TASK INSTRUCTIONS:
What you return must match the listing below character for character, minus any pictures.

SUPPLIED DATA:
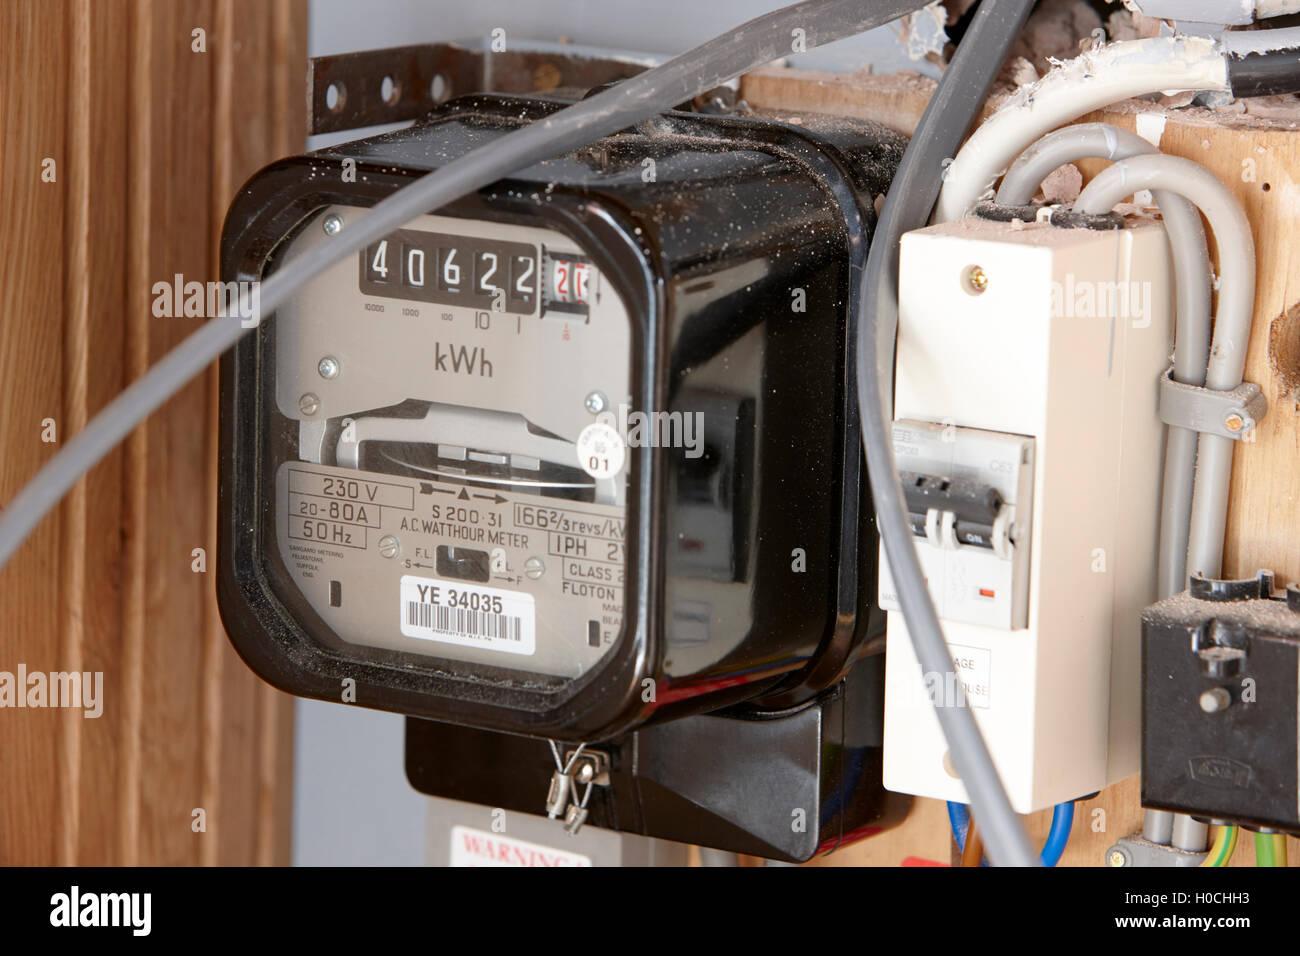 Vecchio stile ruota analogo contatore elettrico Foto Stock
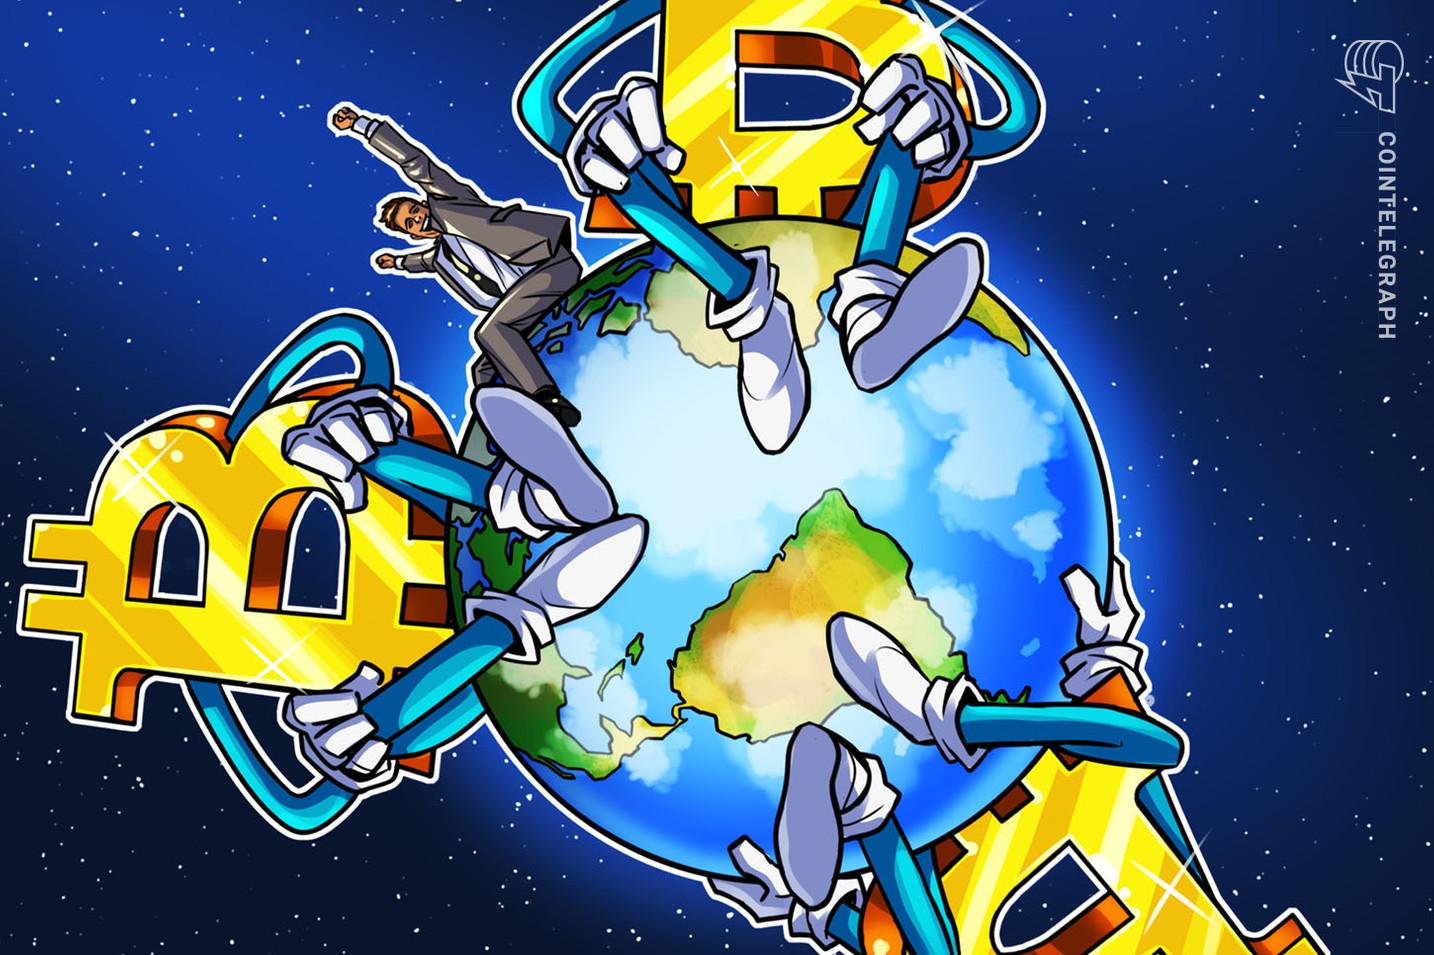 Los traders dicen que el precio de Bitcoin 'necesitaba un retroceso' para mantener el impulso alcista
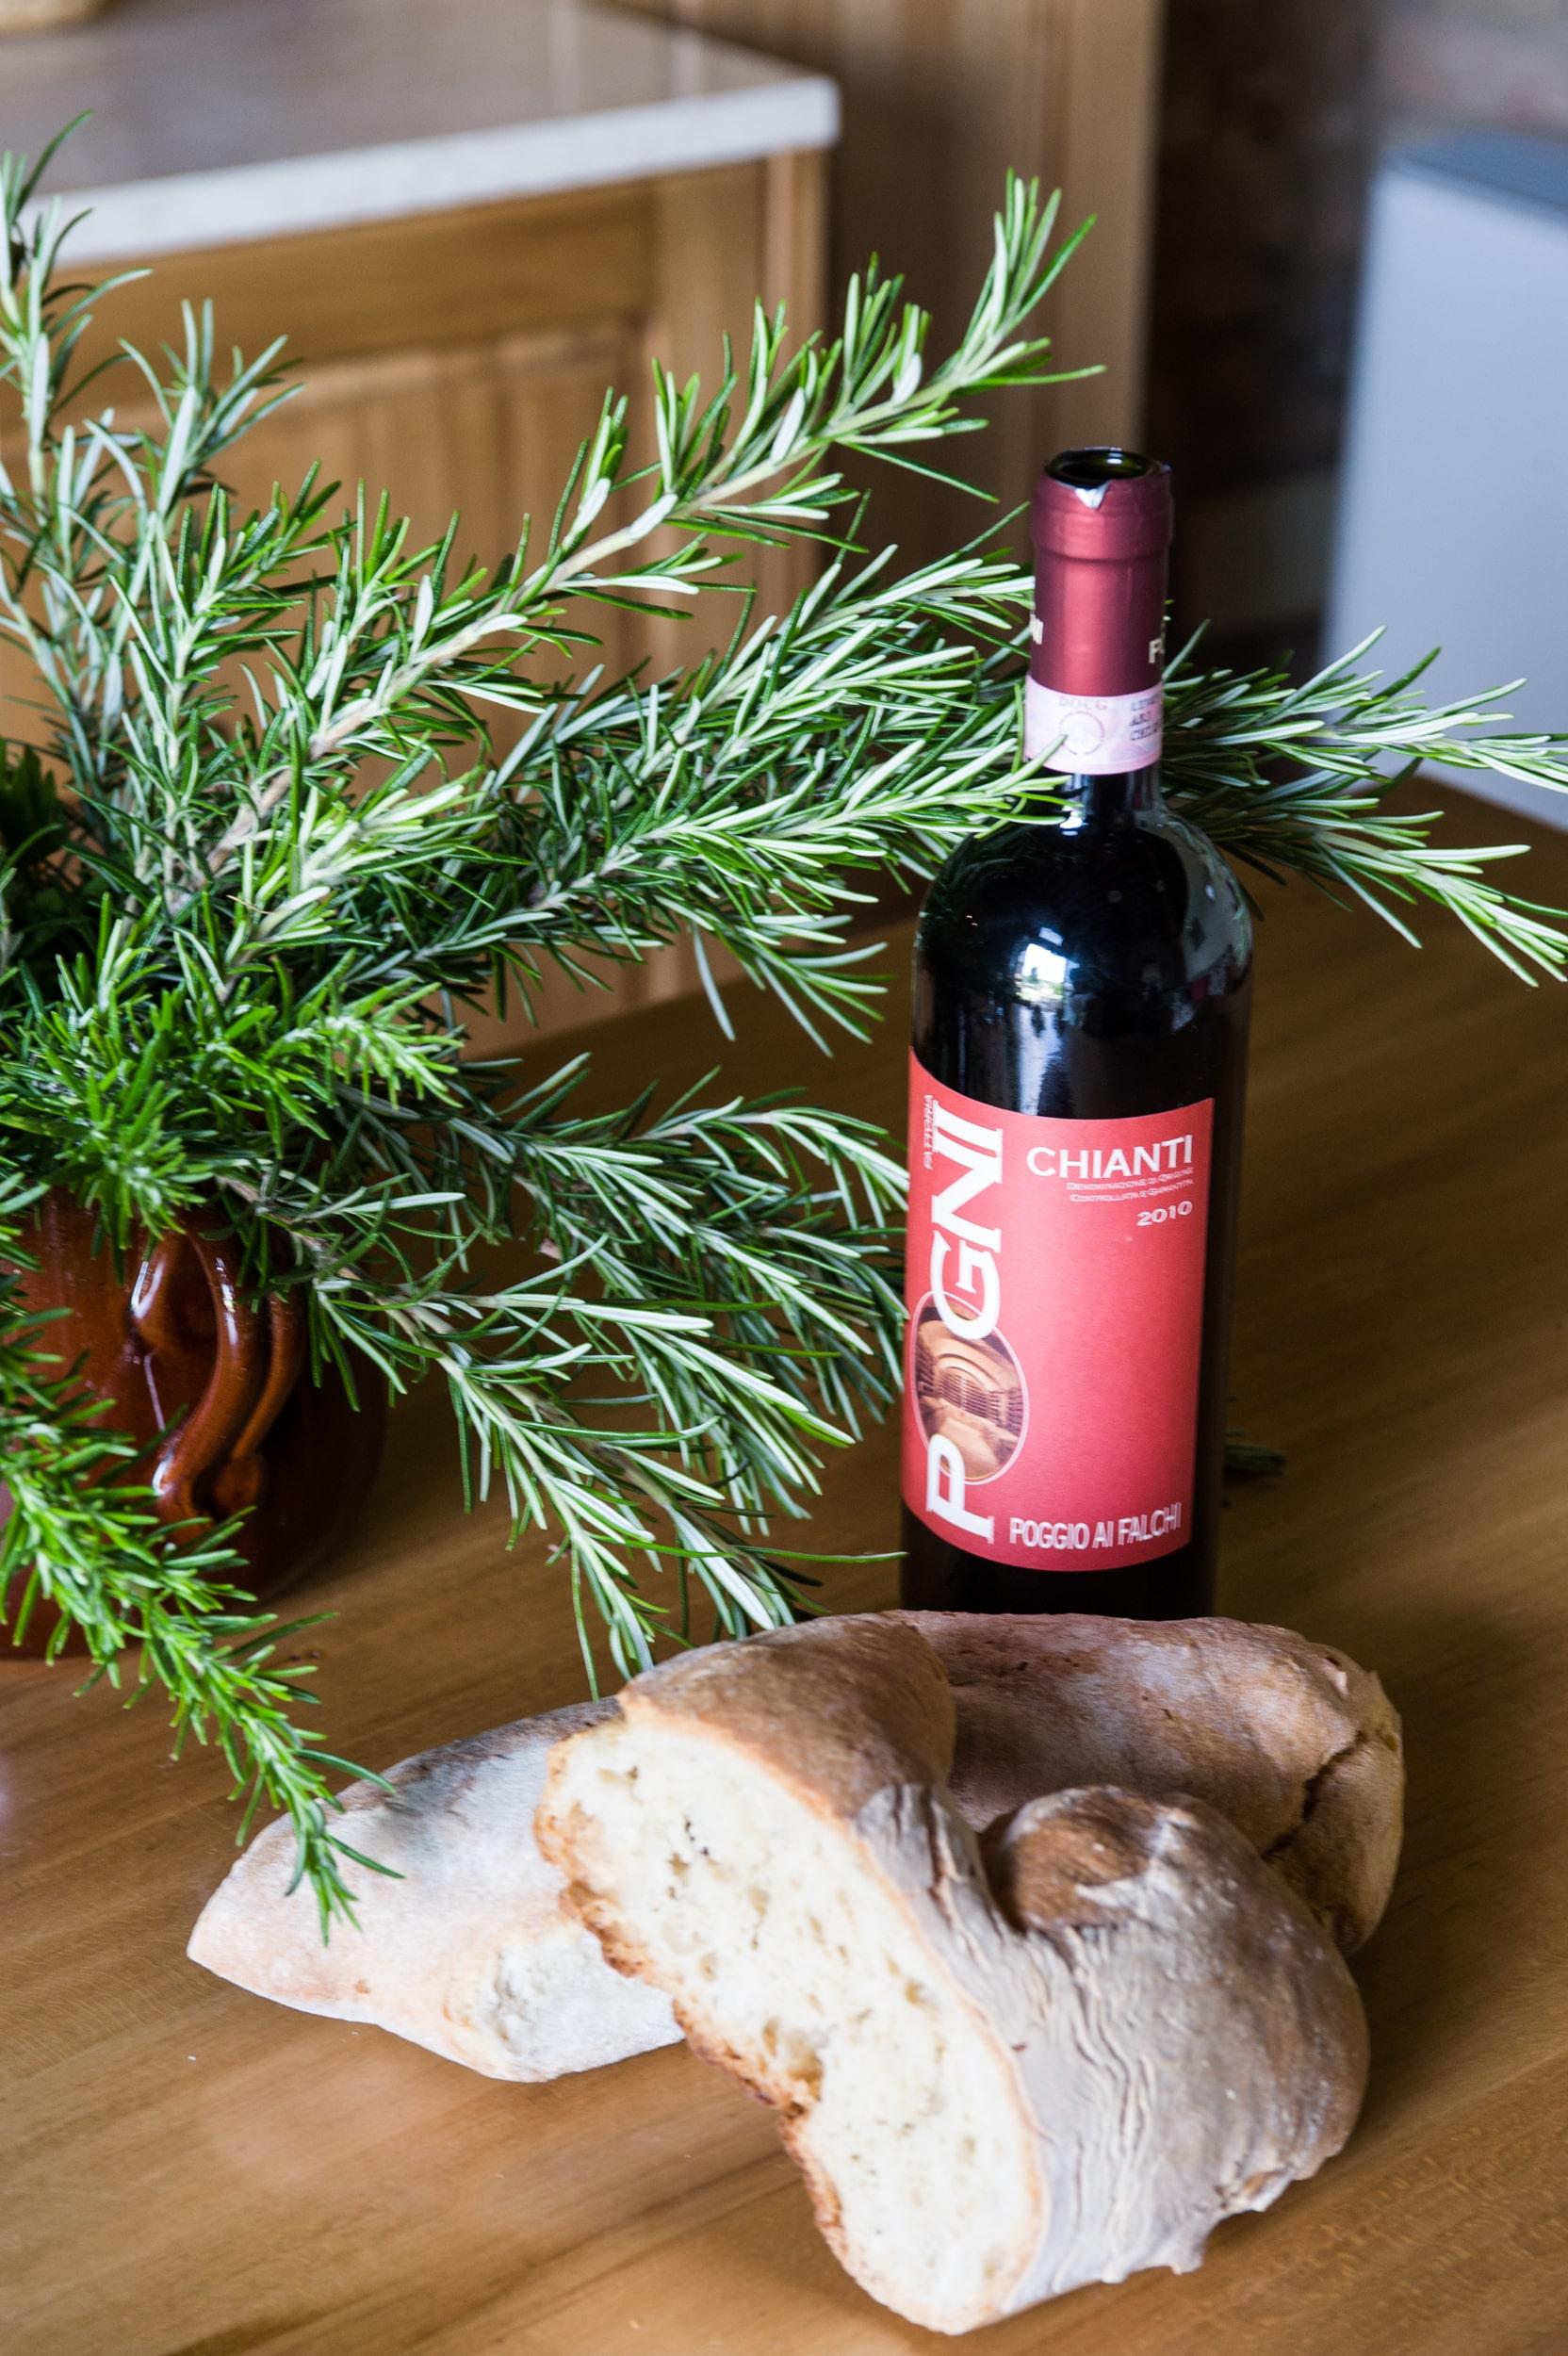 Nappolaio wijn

RESULT OF THIS TASK:
 Vecchio stile ruota analogo contatore elettrico Foto Stock
 Los traders dicen que el precio de Bitcoin 'necesitaba un retroceso' para mantener el impulso alcista
 Nappolaio wijn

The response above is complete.